Pyrolysis of wood pellets from pine and spruce at temperatures above 500°C has proven effective in producing biocarbon suitable for various metallurgical applications. This biocarbon can be further processed using several agglomeration techniques to produce briquettes and pellets, optimizing its integration into specific applications. However, as competition for biomass intensifies across multiple industrial sectors, there is growing interest in alternative feedstocks, such as end-of-life (EOL) tyres, recovering substantial amounts of carbon black.

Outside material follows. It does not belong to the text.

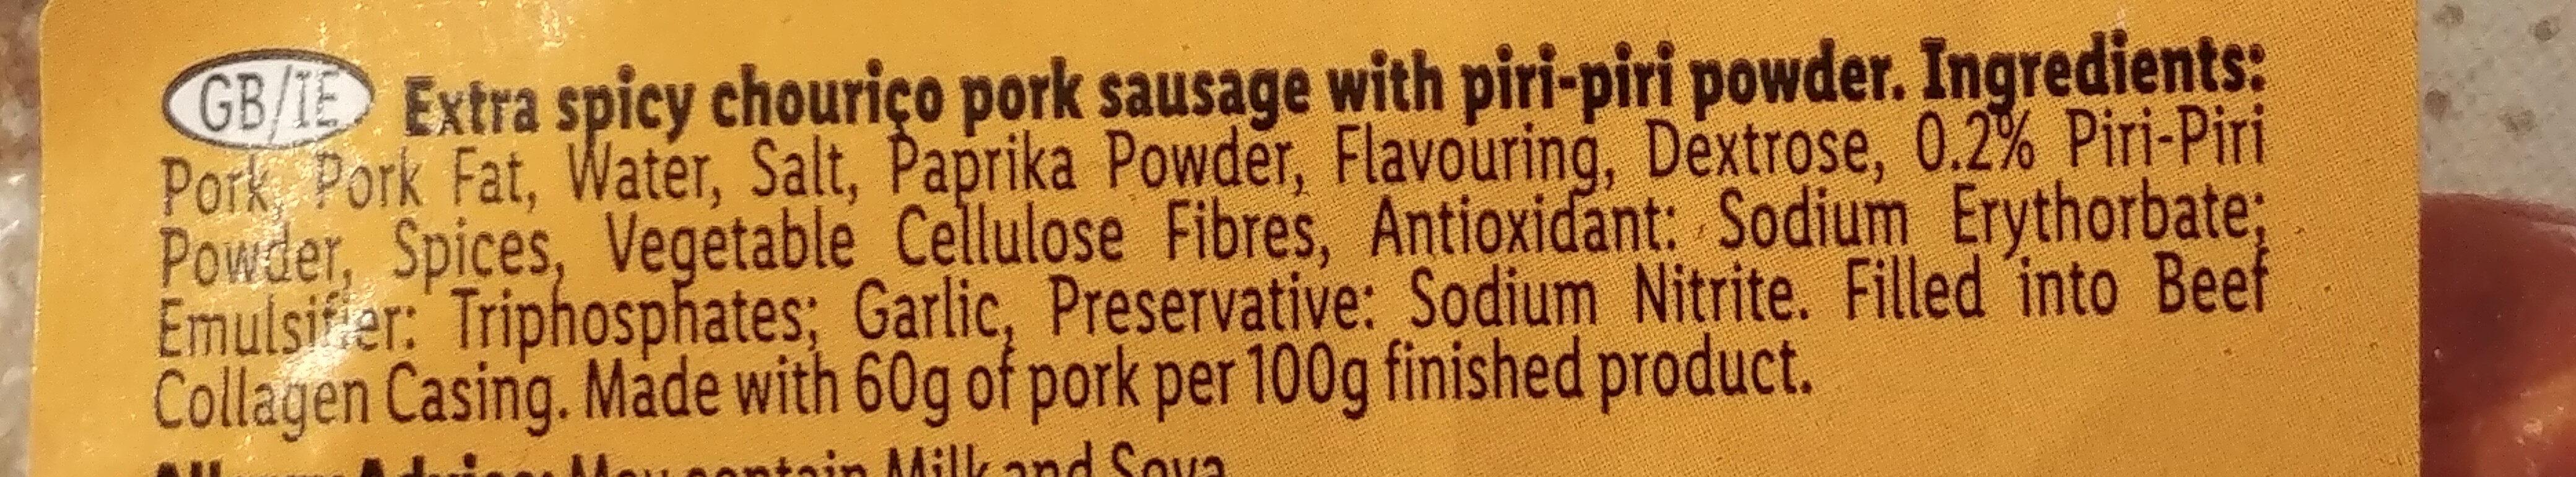 Extra spicy chouriço sausage - Ingredients - en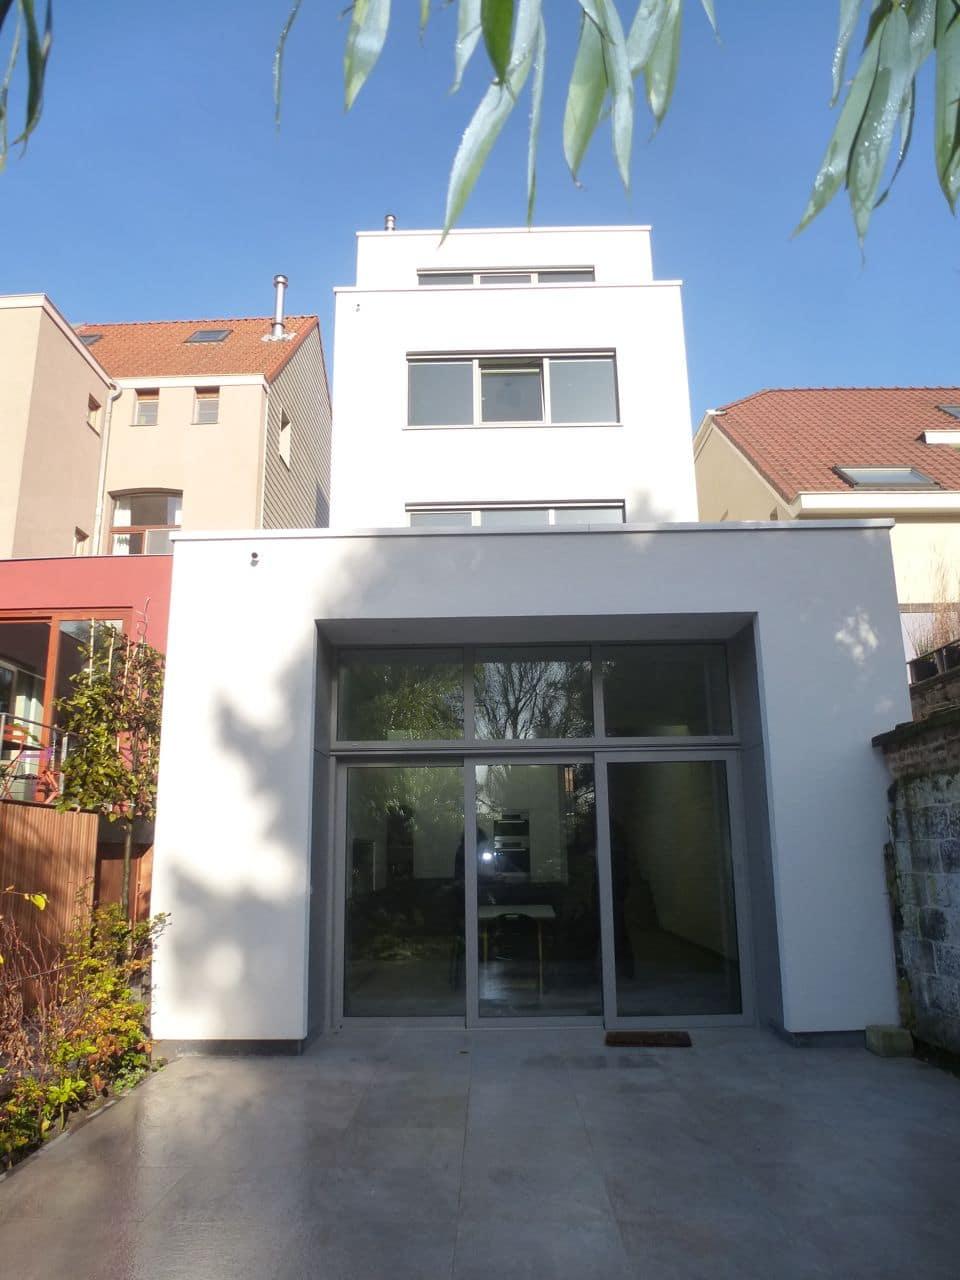 P1080592 | Baeyens & Beck architecten Gent | architect nieuwbouw renovatie interieur | high end | architectenbureau

Biocarbon has been successfully tested and implemented in several types of furnaces, including electric arc furnaces (EAF), submerged arc furnaces (SAF), cupola furnaces, and induction furnaces, as charge carbon, injection carbon, and recarburizers. The implementation typically begins with partial substitution of fossil carbon with biocarbon, and studies have shown that this substitution is feasible and, in some cases, enhances process efficiency. Pyrolyzed EOL tyre char has proven a high potential for slag foaming during carbon injection in EAFs, while simultaneously contributing to a circular economy by closing the loop in waste management.
Scaling up biocarbon production depends on factors such as pyrolysis yield, economic viability, energy requirements, and raw material costs. Utilizing pyrolysis by-products such as oil and gas is essential for ensuring the economic feasibility and market competitiveness of biocarbon in the metallurgical industry.